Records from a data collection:
- - -

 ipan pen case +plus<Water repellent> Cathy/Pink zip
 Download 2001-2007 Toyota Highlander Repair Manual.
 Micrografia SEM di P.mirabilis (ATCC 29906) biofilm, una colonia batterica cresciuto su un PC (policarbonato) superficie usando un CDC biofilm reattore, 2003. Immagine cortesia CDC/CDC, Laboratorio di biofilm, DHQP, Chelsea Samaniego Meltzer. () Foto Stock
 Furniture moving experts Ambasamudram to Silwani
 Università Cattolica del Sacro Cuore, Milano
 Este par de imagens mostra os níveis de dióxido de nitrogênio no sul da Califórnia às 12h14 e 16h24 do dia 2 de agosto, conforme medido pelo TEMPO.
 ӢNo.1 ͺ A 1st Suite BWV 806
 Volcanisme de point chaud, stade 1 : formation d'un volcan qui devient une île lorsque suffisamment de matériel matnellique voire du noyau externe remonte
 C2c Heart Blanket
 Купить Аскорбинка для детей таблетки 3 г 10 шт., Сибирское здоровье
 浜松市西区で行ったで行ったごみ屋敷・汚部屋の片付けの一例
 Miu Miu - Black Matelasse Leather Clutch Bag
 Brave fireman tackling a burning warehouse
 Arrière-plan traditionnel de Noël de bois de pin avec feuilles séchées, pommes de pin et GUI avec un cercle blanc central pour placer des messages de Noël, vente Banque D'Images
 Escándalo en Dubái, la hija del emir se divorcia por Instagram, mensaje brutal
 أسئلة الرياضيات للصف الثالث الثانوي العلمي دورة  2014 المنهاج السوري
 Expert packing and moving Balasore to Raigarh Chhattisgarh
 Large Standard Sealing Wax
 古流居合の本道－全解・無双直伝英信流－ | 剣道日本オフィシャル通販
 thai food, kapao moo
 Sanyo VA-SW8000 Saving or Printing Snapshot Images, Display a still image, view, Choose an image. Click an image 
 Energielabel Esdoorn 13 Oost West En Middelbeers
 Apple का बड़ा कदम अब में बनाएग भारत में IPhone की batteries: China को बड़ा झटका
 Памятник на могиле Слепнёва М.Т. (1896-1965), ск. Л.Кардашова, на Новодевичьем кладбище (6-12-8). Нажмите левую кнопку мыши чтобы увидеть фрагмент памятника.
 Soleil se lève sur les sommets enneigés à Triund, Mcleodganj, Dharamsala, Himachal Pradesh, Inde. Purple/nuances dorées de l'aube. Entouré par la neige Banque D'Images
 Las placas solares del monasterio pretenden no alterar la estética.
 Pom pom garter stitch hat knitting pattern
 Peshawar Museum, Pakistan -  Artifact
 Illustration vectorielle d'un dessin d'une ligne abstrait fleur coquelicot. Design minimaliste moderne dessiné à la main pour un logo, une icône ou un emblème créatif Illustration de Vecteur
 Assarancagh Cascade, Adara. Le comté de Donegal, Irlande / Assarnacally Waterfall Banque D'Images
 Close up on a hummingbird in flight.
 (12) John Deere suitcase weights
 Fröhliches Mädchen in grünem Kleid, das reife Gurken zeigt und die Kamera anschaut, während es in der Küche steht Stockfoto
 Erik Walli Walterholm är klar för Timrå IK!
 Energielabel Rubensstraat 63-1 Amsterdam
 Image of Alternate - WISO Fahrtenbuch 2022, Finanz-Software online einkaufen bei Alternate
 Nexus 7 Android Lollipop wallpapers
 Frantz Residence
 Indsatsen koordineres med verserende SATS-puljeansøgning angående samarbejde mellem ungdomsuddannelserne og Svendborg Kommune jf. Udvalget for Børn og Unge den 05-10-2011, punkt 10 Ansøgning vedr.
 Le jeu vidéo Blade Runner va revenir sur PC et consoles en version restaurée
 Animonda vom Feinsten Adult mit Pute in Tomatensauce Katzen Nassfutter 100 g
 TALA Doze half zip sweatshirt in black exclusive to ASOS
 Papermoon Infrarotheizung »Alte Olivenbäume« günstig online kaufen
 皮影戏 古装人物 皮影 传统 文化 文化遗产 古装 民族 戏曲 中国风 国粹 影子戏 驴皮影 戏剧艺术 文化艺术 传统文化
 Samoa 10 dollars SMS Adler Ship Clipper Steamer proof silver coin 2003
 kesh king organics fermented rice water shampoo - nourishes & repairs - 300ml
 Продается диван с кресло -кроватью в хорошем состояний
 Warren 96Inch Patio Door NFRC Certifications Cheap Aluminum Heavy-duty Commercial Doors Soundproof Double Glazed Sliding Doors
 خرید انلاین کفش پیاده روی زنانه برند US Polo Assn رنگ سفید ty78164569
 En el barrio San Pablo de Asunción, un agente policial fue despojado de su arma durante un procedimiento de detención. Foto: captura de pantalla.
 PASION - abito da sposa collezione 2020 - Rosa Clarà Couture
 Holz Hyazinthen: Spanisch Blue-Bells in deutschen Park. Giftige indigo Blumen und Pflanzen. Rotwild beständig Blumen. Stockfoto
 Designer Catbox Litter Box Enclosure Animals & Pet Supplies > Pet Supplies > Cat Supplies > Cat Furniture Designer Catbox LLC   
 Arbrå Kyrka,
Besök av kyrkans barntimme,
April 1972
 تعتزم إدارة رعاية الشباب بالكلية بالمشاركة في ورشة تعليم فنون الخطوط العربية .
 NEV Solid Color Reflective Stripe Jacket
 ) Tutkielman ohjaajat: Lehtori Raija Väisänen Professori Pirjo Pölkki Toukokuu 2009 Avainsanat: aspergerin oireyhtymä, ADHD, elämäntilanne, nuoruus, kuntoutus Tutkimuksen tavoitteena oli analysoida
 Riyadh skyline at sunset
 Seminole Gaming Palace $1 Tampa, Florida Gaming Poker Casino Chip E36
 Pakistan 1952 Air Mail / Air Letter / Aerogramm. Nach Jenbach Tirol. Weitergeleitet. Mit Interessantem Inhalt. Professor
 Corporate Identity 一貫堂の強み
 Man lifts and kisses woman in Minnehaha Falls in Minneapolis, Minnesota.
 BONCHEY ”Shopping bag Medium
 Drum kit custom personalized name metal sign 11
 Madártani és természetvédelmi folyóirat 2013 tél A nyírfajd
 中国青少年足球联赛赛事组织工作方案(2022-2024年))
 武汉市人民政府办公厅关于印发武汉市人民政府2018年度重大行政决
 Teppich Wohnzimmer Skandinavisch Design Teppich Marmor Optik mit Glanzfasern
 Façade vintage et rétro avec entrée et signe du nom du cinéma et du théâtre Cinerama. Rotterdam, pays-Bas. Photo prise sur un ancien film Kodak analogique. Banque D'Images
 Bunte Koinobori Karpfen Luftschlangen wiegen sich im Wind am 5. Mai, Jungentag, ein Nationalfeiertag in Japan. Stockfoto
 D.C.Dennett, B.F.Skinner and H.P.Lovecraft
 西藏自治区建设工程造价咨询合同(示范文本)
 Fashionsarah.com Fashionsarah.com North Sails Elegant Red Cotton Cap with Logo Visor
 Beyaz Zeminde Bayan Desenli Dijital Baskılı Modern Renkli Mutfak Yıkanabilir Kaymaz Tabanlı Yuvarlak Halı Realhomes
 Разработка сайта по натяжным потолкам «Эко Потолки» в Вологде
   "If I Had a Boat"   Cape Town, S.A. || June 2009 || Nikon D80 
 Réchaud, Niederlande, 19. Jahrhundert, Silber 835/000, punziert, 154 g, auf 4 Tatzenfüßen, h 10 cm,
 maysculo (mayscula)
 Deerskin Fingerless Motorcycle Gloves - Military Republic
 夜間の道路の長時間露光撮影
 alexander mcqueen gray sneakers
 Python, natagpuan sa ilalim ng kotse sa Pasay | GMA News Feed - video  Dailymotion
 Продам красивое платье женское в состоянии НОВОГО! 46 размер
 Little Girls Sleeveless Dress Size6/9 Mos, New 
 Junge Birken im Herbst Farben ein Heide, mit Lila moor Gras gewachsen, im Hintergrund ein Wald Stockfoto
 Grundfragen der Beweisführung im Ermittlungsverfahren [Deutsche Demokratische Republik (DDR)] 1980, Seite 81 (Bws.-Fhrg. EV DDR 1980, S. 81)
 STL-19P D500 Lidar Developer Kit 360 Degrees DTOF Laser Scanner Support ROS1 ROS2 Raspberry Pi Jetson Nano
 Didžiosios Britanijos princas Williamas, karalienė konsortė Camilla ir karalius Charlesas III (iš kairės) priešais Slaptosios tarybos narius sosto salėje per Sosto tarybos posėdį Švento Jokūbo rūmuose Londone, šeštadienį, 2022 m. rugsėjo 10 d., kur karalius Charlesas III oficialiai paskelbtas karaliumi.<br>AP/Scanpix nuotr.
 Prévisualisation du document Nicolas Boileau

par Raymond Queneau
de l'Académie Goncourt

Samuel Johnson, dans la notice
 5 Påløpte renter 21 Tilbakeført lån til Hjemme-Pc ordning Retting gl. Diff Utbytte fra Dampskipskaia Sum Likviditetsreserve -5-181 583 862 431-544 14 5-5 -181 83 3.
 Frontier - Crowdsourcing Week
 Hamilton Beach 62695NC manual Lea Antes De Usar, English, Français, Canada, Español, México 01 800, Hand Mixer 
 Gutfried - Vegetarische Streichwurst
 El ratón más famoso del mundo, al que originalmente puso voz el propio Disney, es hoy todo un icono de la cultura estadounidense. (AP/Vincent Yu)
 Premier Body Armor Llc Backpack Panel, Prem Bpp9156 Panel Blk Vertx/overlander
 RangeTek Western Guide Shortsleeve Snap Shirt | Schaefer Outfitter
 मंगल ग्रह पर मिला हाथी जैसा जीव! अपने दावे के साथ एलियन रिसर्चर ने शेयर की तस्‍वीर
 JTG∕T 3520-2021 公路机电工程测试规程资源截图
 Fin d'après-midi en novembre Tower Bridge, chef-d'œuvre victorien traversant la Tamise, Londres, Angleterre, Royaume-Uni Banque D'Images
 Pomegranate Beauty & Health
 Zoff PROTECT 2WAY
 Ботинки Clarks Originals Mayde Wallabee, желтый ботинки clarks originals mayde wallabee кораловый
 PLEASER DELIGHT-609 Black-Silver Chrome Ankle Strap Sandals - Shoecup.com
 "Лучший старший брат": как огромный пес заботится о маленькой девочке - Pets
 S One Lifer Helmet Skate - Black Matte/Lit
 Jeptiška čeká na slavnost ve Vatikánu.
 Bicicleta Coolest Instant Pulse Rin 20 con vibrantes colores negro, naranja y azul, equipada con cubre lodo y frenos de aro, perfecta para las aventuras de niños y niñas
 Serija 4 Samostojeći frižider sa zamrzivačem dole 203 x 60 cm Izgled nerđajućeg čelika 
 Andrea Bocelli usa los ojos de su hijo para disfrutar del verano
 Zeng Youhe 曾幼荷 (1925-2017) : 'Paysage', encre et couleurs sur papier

- - -

Lines with the word "Banque" in the data need counting; report the count alone.

> _Answer to this exercise_
5